Regarding kinks, I think many people have weird kinks, its not exclusive to furrys, its for some reason furrys are more in your face with them. Perhaps its because if you're a furry you're probably going to have a more open and relaxed personality which would probably also mean you're into exploration, or at the very least talking more honestly, especially with other like minded people. (Although I make that statement on my own personal views, not based on any hard facts).

Regarding my furry'ness, I'd rather keep it separate to my work life and my family life, I was going to mention it to my friends but one day in another conversation one of them said to another friend "you're not one of those crazy furry's are you?", and since then I've not been very keen to mention it. Although I am continually dropping hints.

A couple of people I know I have suspicions are furry, both at work and friends. I should just grow some balls and ask.


----------



## MurcielagoMedula (Feb 24, 2011)

Attaman said:


> If you have an actually, 100%, honest-to-goodness thing against people who aren't Furries, and would 10/10 times pick talking with Furry if given a choice than non-Furs (regardless of what the "Hume" forum is about), you should log off about now and start scheduling time with a psychiatrist.  Just a FYI.


 You mistake preference with prejudice


----------



## Billythe44th (Feb 24, 2011)

The most prominent furry I know is... annoying. Let's leave it at that. I met her before I got into all this stuff, and it's a miracle that damn cat didn't scare me away from it.


----------



## MurcielagoMedula (Feb 24, 2011)

Billythe44th said:


> The most prominent furry I know is... annoying. Let's leave it at that. I met her before I got into all this stuff, and it's a miracle that damn cat didn't scare me away from it.


 
I'd ask what happened but I'm not sure I want to know. Do I?


----------



## Attaman (Feb 24, 2011)

MurcielagoMedula said:


> You mistake preference with prejudice


 
My apology, I am use to people on here who say "I'd rather talk to furs than humans" being of the more... "rabid" style of preference (See:  The "Ew icky Humes").  Especially when they use Hume to discuss another forum.  I assume you can see how I made such a connection?


----------



## Aethze (Feb 24, 2011)

Deovacuus said:


> But maybe that's just Iowa where farm kids are often closer to horses and dogs than to their peers (besti-lol-ity joke).

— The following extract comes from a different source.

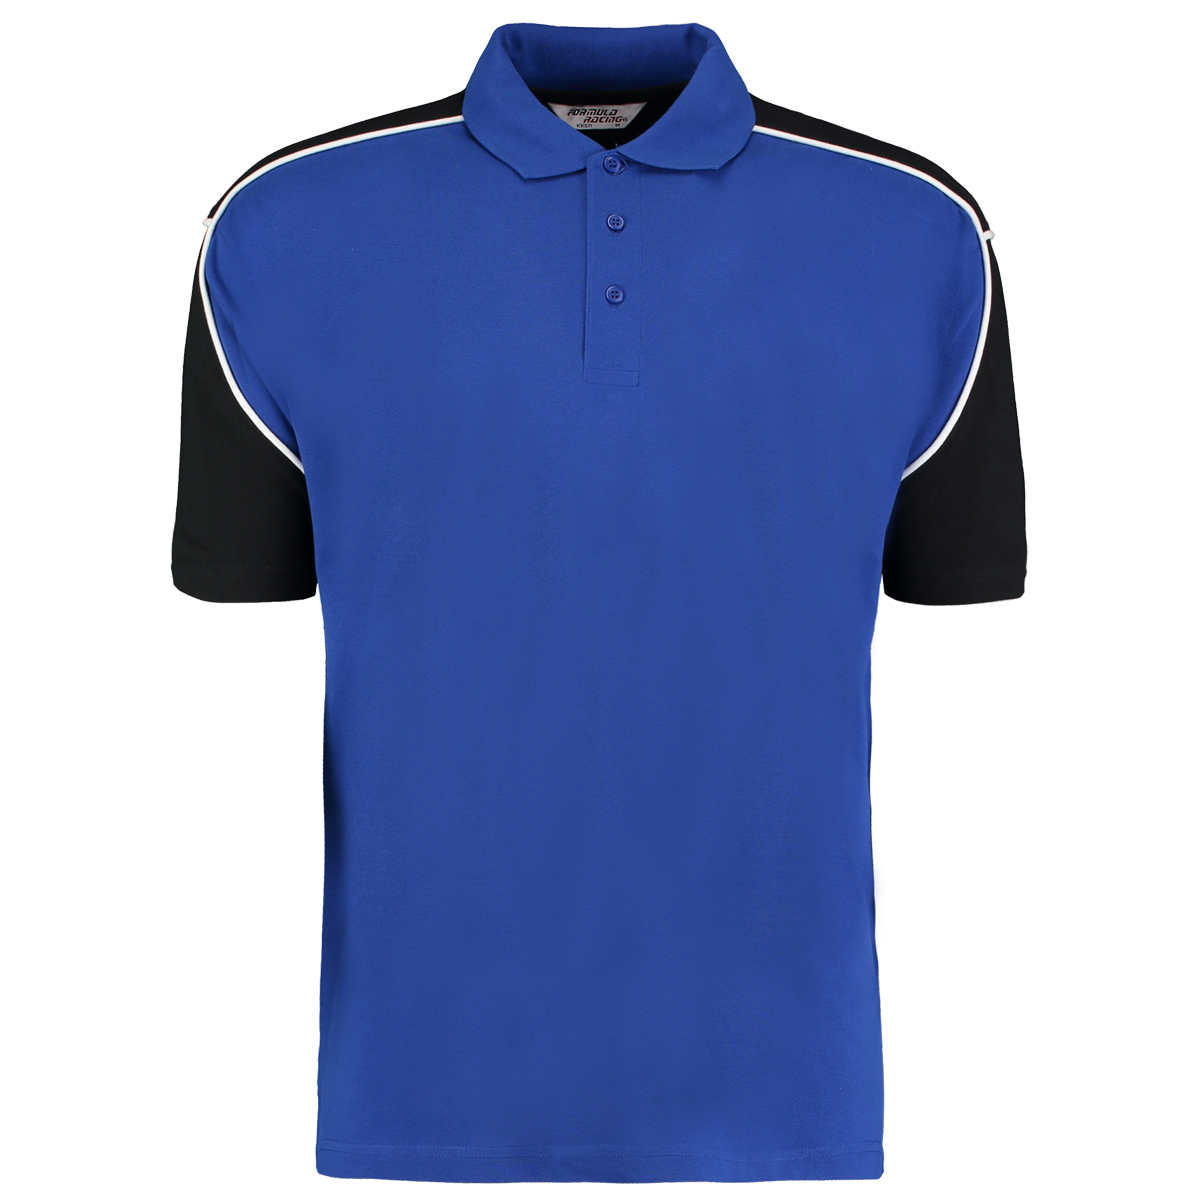 Royal Blue Polo Shirt For Men

Funny thing, I've never met a furry IRL, however judging by most people's opinions maybe that's a good thing. lol


----------



## MurcielagoMedula (Feb 24, 2011)

Attaman said:


> My apology, I am use to people on here who say "I'd rather talk to furs than humans" being of the more... "rabid" style of preference (See:  The "Ew icky Humes").  Especially when they use Hume to discuss another forum.  I assume you can see how I made such a connection?


 
Unfortunately. Thanks for admitting to it though, no harm no foul.


----------



## CannonFodder (Feb 24, 2011)

Icky said:


> I'm still waiting for that goddamn story, CF.


 Short version my friend I didn't even know was a furry had me over  cause he had a spare ddr1 ram card, he was showing me his computer,  click and bam furry porn


00vapour said:


> Hell, I posted in the universities thread for good measure, no luck yet.
> 
> although I agree, if this becomes mainstream I am scared for society.


 Who's to say it isn't already and that the called "furry" closet keeps us from realising how many furries there actually are.
*edit*
shit I know that was a double post, completely unintentional.


----------



## Aethze (Feb 24, 2011)

CannonFodder said:


> he was showing me his computer, click and bam furry porn



Wow, that's unfortunate, good thing he was with you and not his parents.


----------



## CannonFodder (Feb 24, 2011)

Aethze said:


> Wow, that's unfortunate, good thing he was with you and not his parents.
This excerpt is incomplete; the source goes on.